Hence, I would very much appreciate some help to establish the correct and most straightforward way to zip the standard library such that it would be recognized automatically from sys.path (without any extra steps such as specifying the PYTHONPATH environment value which may not be possible on a user's machine).
Thanks in advance for any help provided.
S

Finally figured it out through a long process of elimination.
The only module you have to keep in site packages is os.py.
Here's a bash script for the whole process which may or may not work.

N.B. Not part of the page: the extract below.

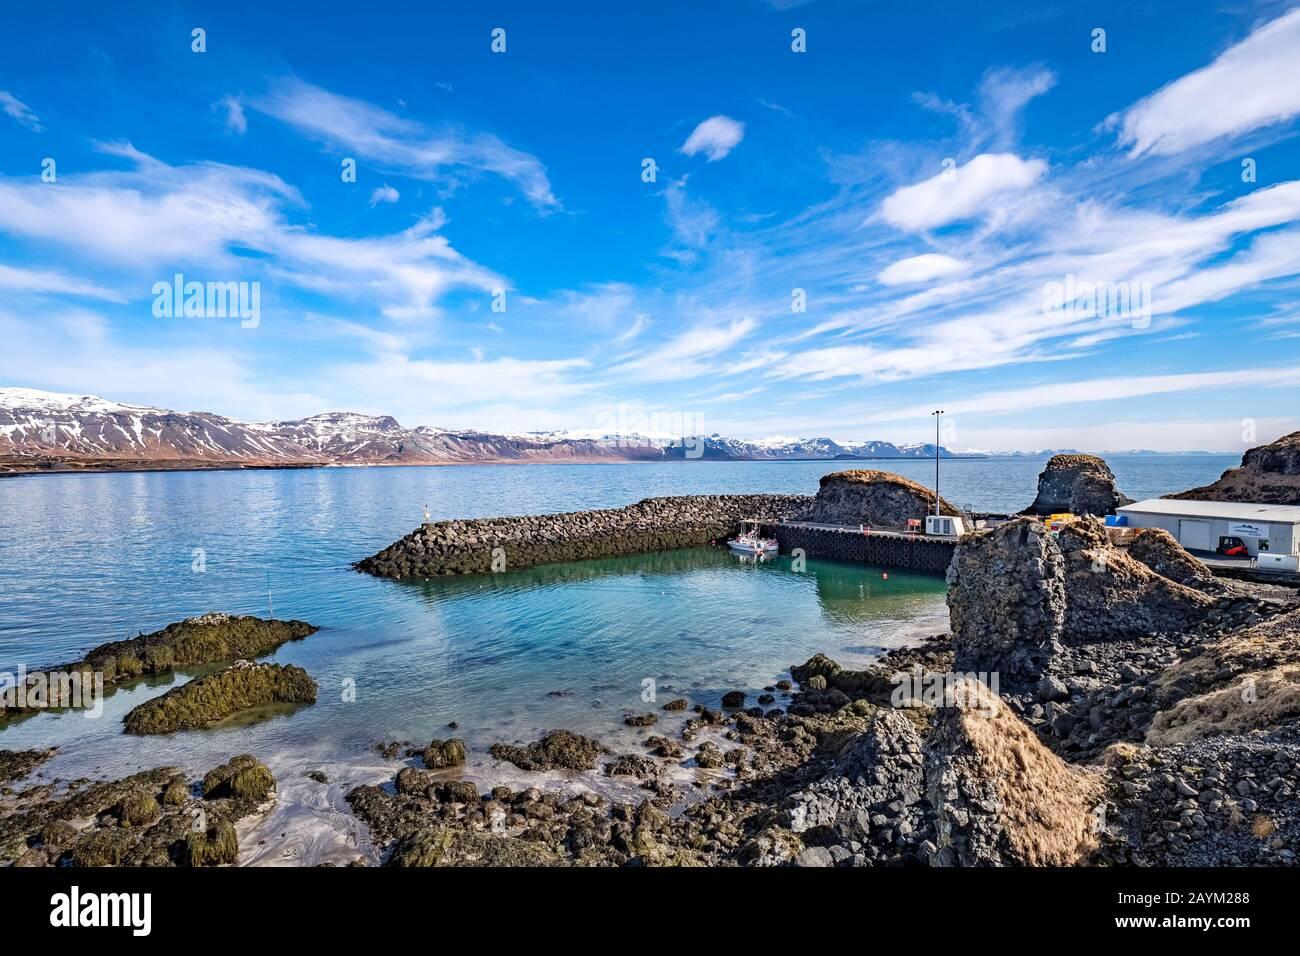 Harbour at Arnarstapi, on the Snaefellsnes Peninsula, West Iceland. Stock Photo

It assumes you have downloaded a python source distribution from python.org
Then cd into the resultant source folder and run this script in the root
#!/usr/bin/env bash
# build_python.sh
# NOTE: need os.py to remain in site-packages or it will fail
NAME=xpython
PWD=$(pwd)
PREFIX=${PWD}/${NAME}
VERSION=3.8
VER="${VERSION//./}"
LIB=${PREFIX}/lib/python${VERSION}
MAC_DEP_TARGET=10.13
remove() {
echo "removing $1"
rm -rf $1
}
rm_lib() {
echo "removing $1"
rm -rf ${LIB}/$1
}
clean() {
echo "removing __pycache__ .pyc/o from $1"
find $1 | grep -E "(__pycache__|\.pyc|\.pyo$)" | xargs rm -rf
}
clean_tests() {
echo "removing 'test' dirs from $1"
find $1 | grep -E "(tests|test)" | xargs rm -rf
}
clean_site_packages() {
echo "removing everything in $LIB/site-packages"
rm -rf $LIB/site-packages/*
}
rm_ext() {
echo "removing $LIB/lib-dynload/$1.cpython-${VER}-darwin.so"
rm -rf $LIB/lib-dynload/$1.cpython-38-darwin.so
}
rm_bin() {
echo "removing $PREFIX/bin/$1"
rm -rf $PREFIX/bin/$1
}
./configure MACOSX_DEPLOYMENT_TARGET=${MAC_DEP_TARGET} \
--prefix=$PREFIX \
--enable-shared \
--with-universal-archs=64-bit \
--with-lto \
--enable-optimizations
make altinstall
clean $PREFIX
clean_tests $LIB
clean_site_packages
remove ${LIB}/site-packages
# remove what you want here...
rm_lib config-${VERSION}-darwin
rm_lib idlelib
rm_lib lib2to3
rm_lib tkinter
rm_lib turtledemo
rm_lib turtle.py
rm_lib ensurepip
rm_lib venv
remove $LIB/distutils/command/*.exe
remove $PREFIX/lib/pkgconfig
remove $PREFIX/share
# remove what you want here...
rm_ext _tkinter
rm_bin 2to3-${VERSION}
rm_bin idle${VERSION}
rm_bin easy_install-${VERSION}
rm_bin pip${VERSION}
mv $LIB/lib-dynload $PREFIX
cp $LIB/os.py $PREFIX
clean $PREFIX
python -m zipfile -c $PREFIX/lib/python${VER}.zip $LIB/*
remove $LIB
mkdir -p $LIB
mv $PREFIX/lib-dynload $LIB
mv $PREFIX/os.py $LIB
mkdir $LIB/site-packages
This is for a mac user, can be easily adapted for other platforms. It's not very well tested, so post feedback if you encounter any issues.

Related

How can I list all the virtual environments created with venv?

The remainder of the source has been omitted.